Prioritization tools

When it comes to prioritizing, Whiting believes that, “the biggest tool we have is communication.” The importance of communication was especially highlighted when the lab re-opened in May 2020 after the state of Florida instated a stay-at-home order beginning in March. When Whiting’s team returned to the lab, they had to take precautions such as mask use and social distancing, meaning fewer specialists in the lab to allow for proper spacing. Because of this, the lab could process fewer samples than they had before the shutdown. The new limitations also meant that communication became an especially important tool.

“What we ended up doing is having multiple meetings,” he explains. “We would have our managers meeting with their program counterparts [customers] and talk about what was their highest-level priority and then we would say, ‘well we can do this many, this type of analysis,’ and then have a conversation about who needed it the most, when, and build out our task feed and work for that week. We’ve done that all summer into the fall. It’s a lot of work but that’s how we manage.”

Other than communication, the other tool Roiphe uses is Microsoft Excel for tracking. “I certainly know that there’s a lot on the market.
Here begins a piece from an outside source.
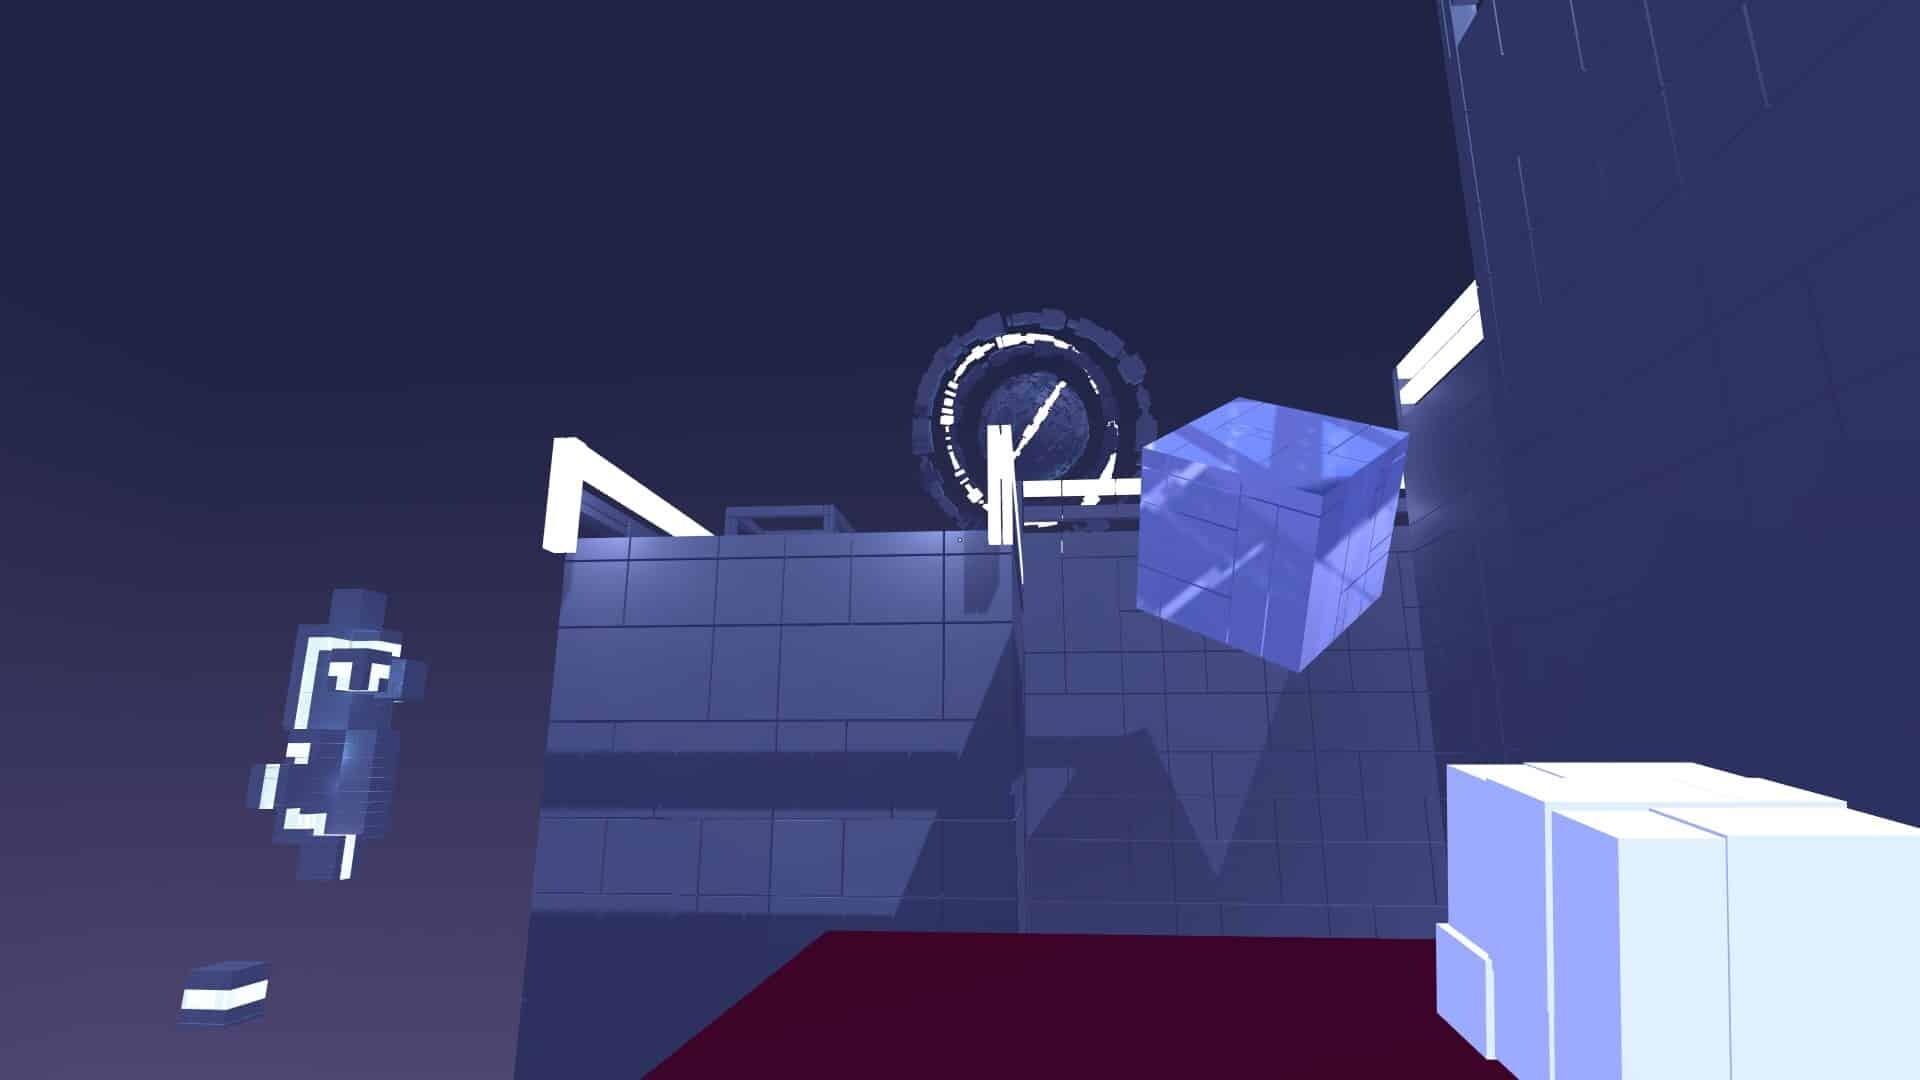 Glitchspace game screenshot, floating objects

We do most of our tracking just in Excel and shared drives that everybody has access to. Excel is easy in the sense that most people are familiar with it, but it does have some limitations—it’s a more general tool and not something specific that’s designed for that use.”

First-in, first-out—a useful strategy?

One way to approach prioritization is to handle tasks chronologically—meaning handling what comes in order of arrival. This strategy, which can seem fair, isn’t always the best for achieving an optimum workflow or giving due importance to tests that deserve it.

“Absent of other information, it’s a good starting place, but it’s not always the most appropriate,” Whiting says. “You can have certain types of samples that have very short hold times and others that can last longer.” Further, certain samples might not have the same sort of human health consequences as others that come in later. “First-in, first-out makes sense when there aren’t other constraints, but other than that I would say, it shouldn’t be the overriding principle.” Roiphe agrees that while the strategy has a role, it shouldn’t be the only one to utilize. Further, the strategy depends on the type of work being conducted in a laboratory.

“For the stuff that we do in our group, it’s very complicated and there’s a lot of different dynamics, and every study is different,” she says. “So, basing it solely on the first-in, first-out wouldn’t make sense. But if everything else was equal, or you’re doing something that really is the same thing each time, that first-in, first-out strategy can be efficient. But I also think even if that is your primary strategy, there’s always intense reasons of why you maybe skip that or do something else.”

Flexibility, reliant on a combination of factors, is likely a better strategy when it comes to lab work. Managers need to constantly look at how to be most efficient. At times, a study might use a piece of equipment just one time, so that test could fit in the schedule in different slots, whereas another study may need that equipment on a repeat basis and they need to start sooner because it has a much tighter and harder-to-schedule set of tasks.

“As studies come in, they get prioritized at that moment so they have priority over things that haven’t obviously come in yet, but it’s also a lot of, ‘what does that study need, what are the skill sets needed for, and who has those and what are they already scheduled for’—so it’s a complex system to prioritize each project and equipment, and it’s not a one-size-fits-all and solely on what comes first,” Roiphe says.

“Ultimately, our goal is to be as efficient as possible and keep as much moving as fast as possible, so it’s taking all those pieces together and it’s not really prioritizing one thing over another, but how do we use all our equipment, our resources, our staffing, to keep it as efficient as possible,” she adds.